Jan. 4th, 2015 08:31 amSo, between the Boston Sci Fi Film Festival and 'Thon and assorted little independent film festival things over the years, I've seen a few obscure little movies. Here's a list of some of them that Netflix either has (on DVD or streaming) or at least knows about (implying they will eventually have them)
On the other hand, Dragon Day aired at the 2014 thon and is terrible and I recommend not seeing it. It was a bad movie and it pissed me off.
- Coherence Ignore the "woo! it's caused by a comet!" maguffin and just enjoy the "Edward Albee in the Twilight Zone" essence of it.
- The Ghastly Love of Johnny X: It's a parody of / homage to the late 50's early 60's "shot for cheap outside LA" drive-in movie genre. I loved it. Juvenile delinquents! Musical numbers! That guy who played Tromeo in "Tromeo and Juliet"! Paul Williams! If you don't enjoy it by the time the first musical number ends, then you're really not going to enjoy it and should just turn it off. trivia: this was the last feature film shot on EASTMAN PLUS-X Kodak B&W film. Also, Box Office Mojo lists it as the lowest grossing film of 2012.
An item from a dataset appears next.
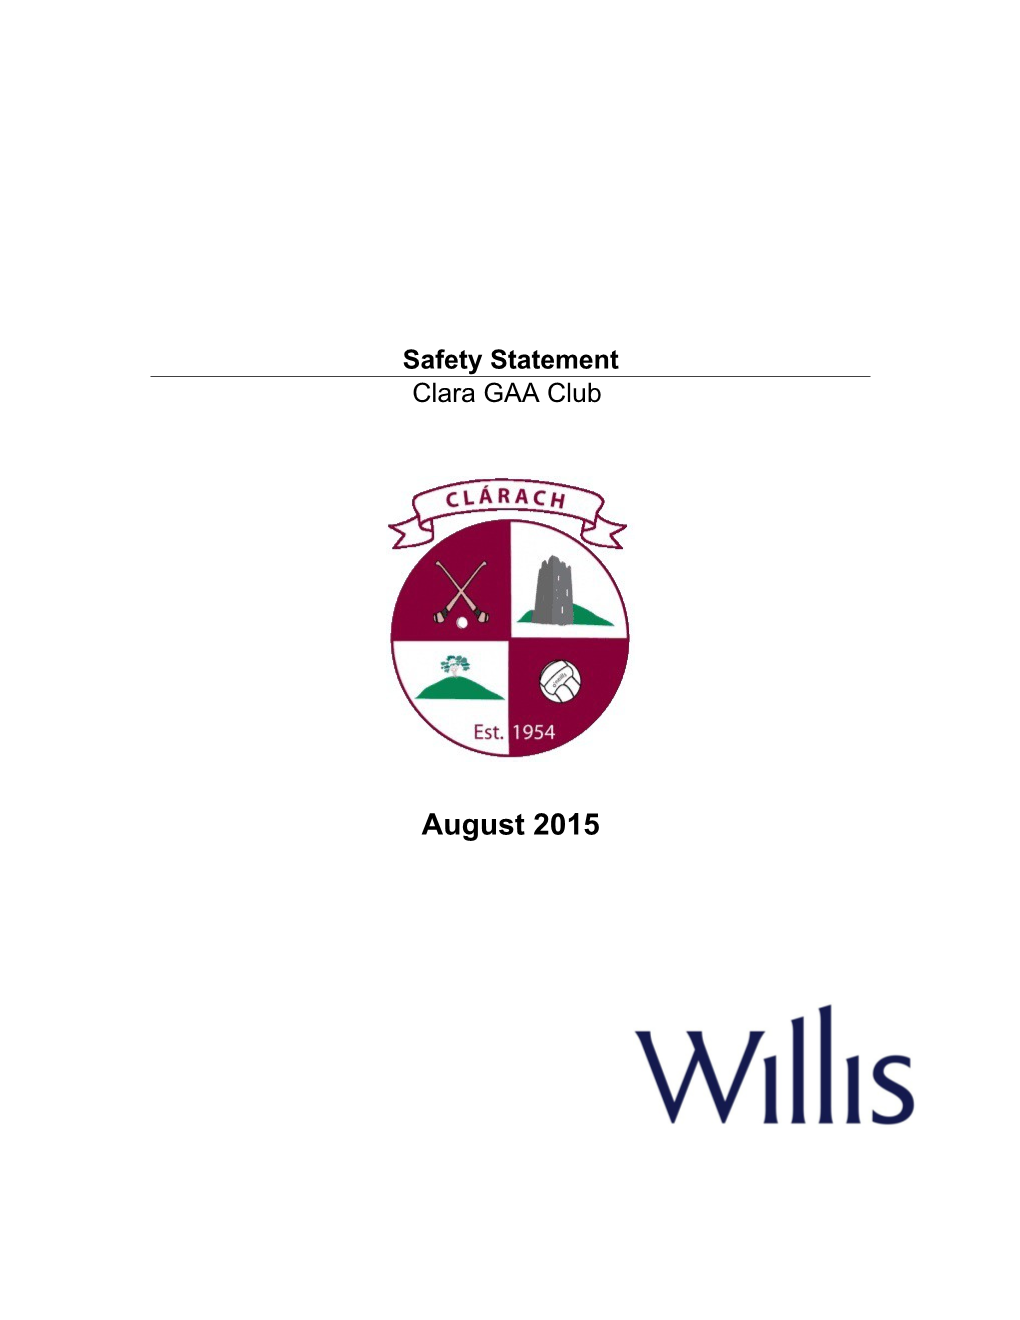 Clara GAA Safety Statement 2015
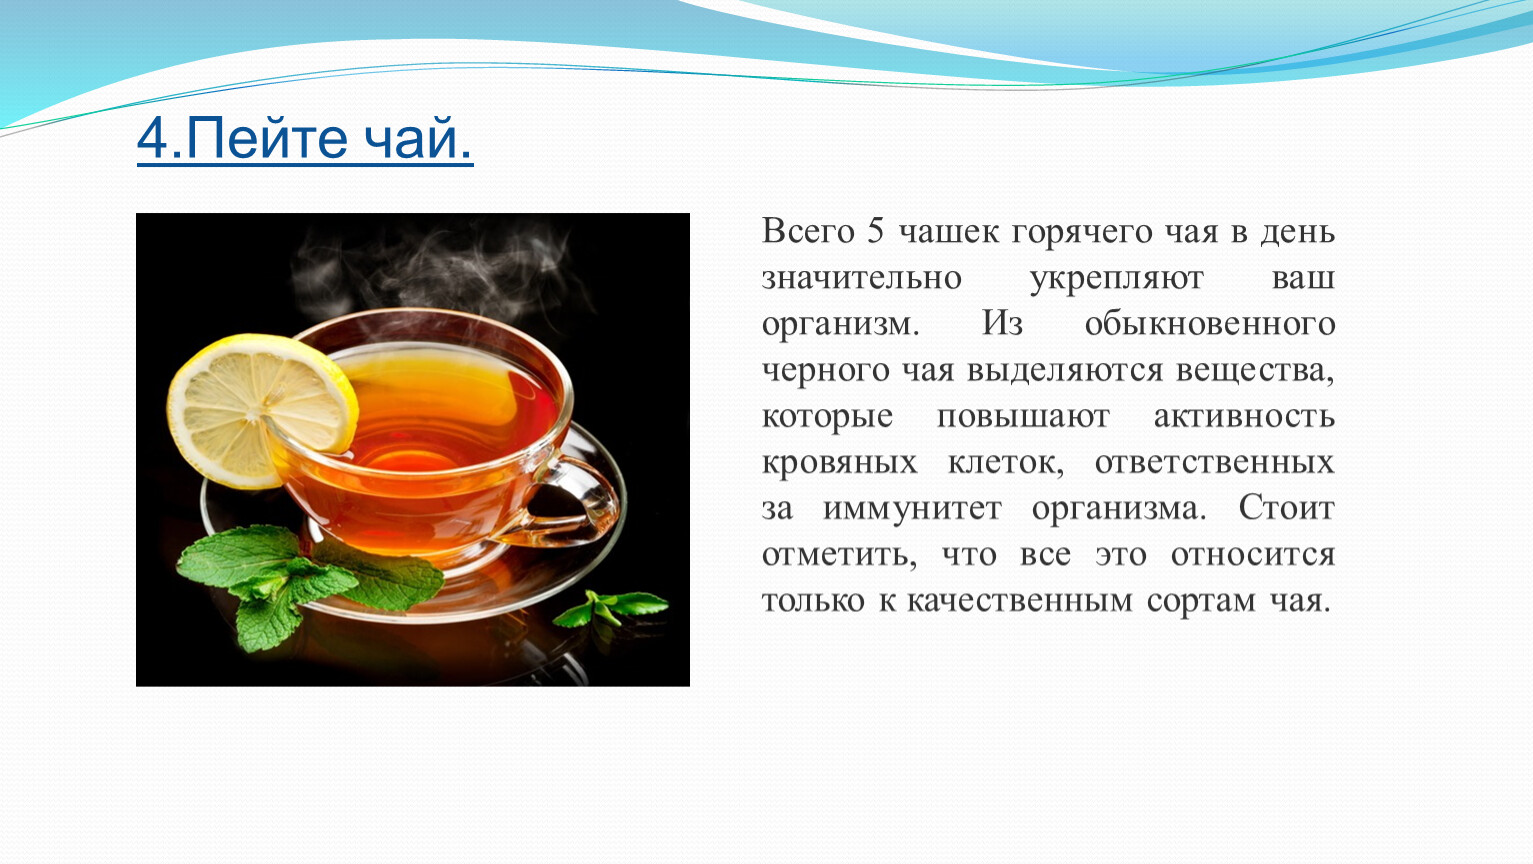 При температуре пьют горячий чай. Чай картинки для презентации. Температура кружки с горячим чаем. С чем можно сравнить горячий чай. Горячий чай Оби.

- War of the Worlds: Goliath is listed on Netflix but doesn't seem to have any kind of actual distribution deal. How do armor-plated dirigibles stay aloft? I don't know and I don't care - this animated movie has all the awesome Deco-tastic monument buildings in a steampunk/gernsbackian NYC and has Teddy Roosevelt leading mecha into battle against the returning Martian horde.
- On Broadway: A guy processes his father's death by putting on a show. As one does. (Not sf/f, but it's a local movie filmed in and around Somerville)
- Knights of Badassdom: LARPers accidentally summon a real demon. Peter Dinklage kicks ass. There's also a River Tam beats up everyone sequence. I don't know the people in this movie, but I totally know the people in this movie. (Complete with bickering poly couple in the woods...)
- The Congress: I saw this a few months ago at the Brattle. The whole thing is both ambitious and flawed, but even if you turn it off after it takes a left turn into crazy animated trippy Stanislaw-Lem-land, I think it's really worth watching the first half. All of the scenes with Robin Wright and Harvey Keitel are great, particularly the digitization sequence.
- Dimensions: a Loop a Line a Tangle of Thread doesn't seem to have gotten a distribution deal, either. It looks like what would happen if Merchant Ivory made a time travel movie.
- I thought Bunker 6 was going to have some kind of Canadian release, but it doesn't seem to have yet.
- SOS: Save Our Skins is about British geeks in NY who wake up to a zombie apocalypse and it has not one but two guys who seem like they want to grow up to be Nick Frost. It looks like it aired on Canadian TV last year so maybe it'll hit video in the US?
- Space Milkshake I thought this was very silly and fun. It's kind of hard to explain, but they're garbage workers in space (shades of "Quark") and George Takei provides the voice for a menacing rubber duck.
On the other hand, Dragon Day aired at the 2014 thon and is terrible and I recommend not seeing it. It was a bad movie and it pissed me off.